My gran had been in a nursing home for as long as I could remember. She suffered a stroke in my adolescence, not long after my granddad died. My mum would take me and my siblings to see her every weekend, and back then I never really knew what to say to her.
As I got older, I’d visit on my own, and while I found more to talk to her about, she had begun to lose her faculties. It would take her longer to remember my name, whose son I was, and even who I was there for. Occasionally she’d even mistake me for someone else entirely, someone in her past that she hadn’t seen in forever, but whose company she was nonetheless happy to receive.
It was heartbreaking, as I still clung onto my own memories of her being the nurturing and comforting grandmother that lived with us. But as she called out my new name, it sparked my interest in her life story and finding out who this mysterious gentleman was. It wasn’t my granddad’s name, or my dad’s, or any other close relative. I asked my parents and they seemed to be equally in the dark.
During one afternoon visit, an old black and white movie played on the TV. In the scene, there was a big band off to the side in a nightclub, with a dancing couple gliding across the screen in an energetic quickstep. When the music crescendoed, my grandma sat up, and suddenly I saw the flicker of life in her eyes that I hadn’t seen in years.
I turned the volume up, and enraptured, she closed her eyes and softly hummed along. She smiled and her head swayed for a few more bars before her lips quivered and tears silently rolled down her face. When the song ended, she snapped back, her eyes still misty. She stared at me, scanning my face with a slight panic, trying to register who I was. It took a few moments before she softened and settled back into her armchair, but the clarity in her eyes was also gone.
The next time, I brought headphones with me, and plugged them into my iPod. I played her a selection of golden oldies from the same era as the movie, and for a brief hour, she came alive. Between songs, she would smile at me. At one point, in the softest voice, so quiet I almost missed hearing it, she called me by that stranger’s name again. It was the most tender and expressive that she’d been in years and I dared not say anything to take her out of that moment. She whispered his name a few more times before the refrains of the last song stopped and with that, her focus was gone again.
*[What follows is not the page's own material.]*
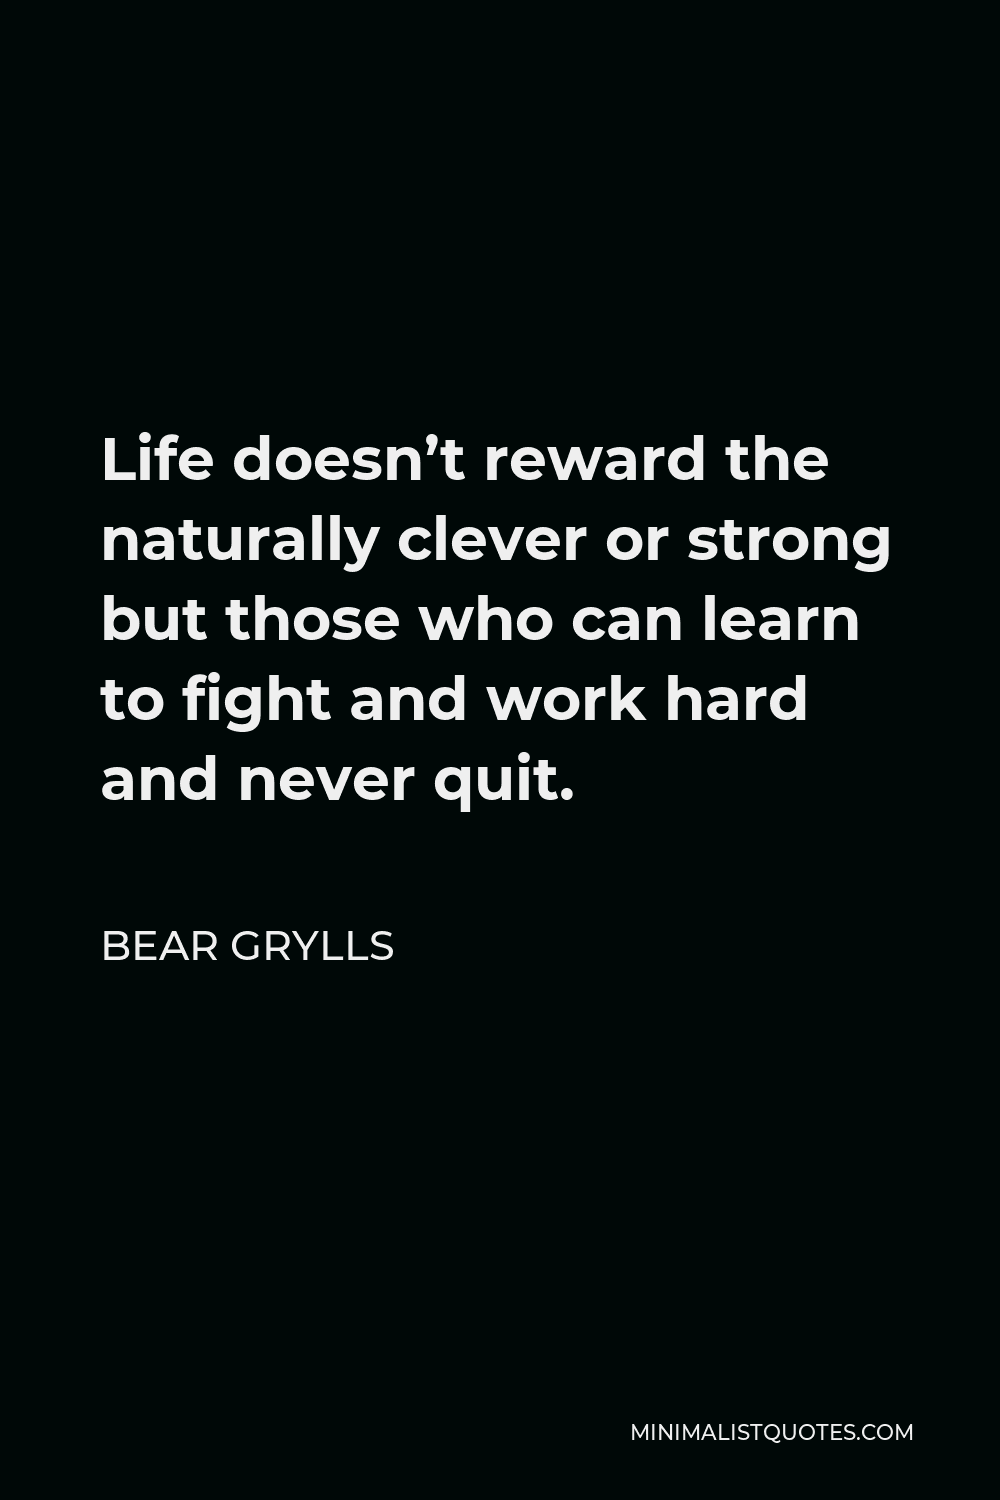 Bear Grylls Quote - Life doesn’t reward the naturally clever or strong but those who can learn to fight and work hard and never quit.

Week after week, I’d come back and play her more music. It was not just a joy for me to see her spirits lift and the emotions return to her face, but I learnt a lot in the process. I relished the chance to experience these old familiar tunes with a new perspective, some of which I remembered her singing to me as a kid, and others I imbued with this hidden backstory. I took it as challenge to find music I thought she’d know and could maybe even spark a long-forgotten memory.
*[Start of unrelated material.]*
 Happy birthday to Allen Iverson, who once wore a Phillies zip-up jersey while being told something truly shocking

At some point, she stopped talking coherently, and I only became known to her as the nameless man with the music. She knew what it meant when I came to see her each week and before I finished crossing the room, she’d already have her arms stretched out, eagerly waiting to put the headphones on.
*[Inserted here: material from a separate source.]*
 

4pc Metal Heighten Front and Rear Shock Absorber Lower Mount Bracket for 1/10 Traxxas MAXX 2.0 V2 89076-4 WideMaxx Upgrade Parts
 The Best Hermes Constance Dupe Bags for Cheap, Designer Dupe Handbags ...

There were times when I tried to ask her about the name she called me, but she would never answer. She’d look at me as if I should have known, or be embarrassed about being asked in the first place. Mostly she would just close her eyes if I asked anything beyond “how do you like this song?” and lose herself in the sounds of her own memories.
I had hoped the music could be the code to unlock the secrets of her old life. While it might have provided a cipher to start with, I could never decrypt anything of the past she chose to relive, let alone able to share, nor could I extrapolate any more about her story beyond what we already knew.
Her story went with her when she passed away eventually, but I guess I’ll always have the music to remember her by.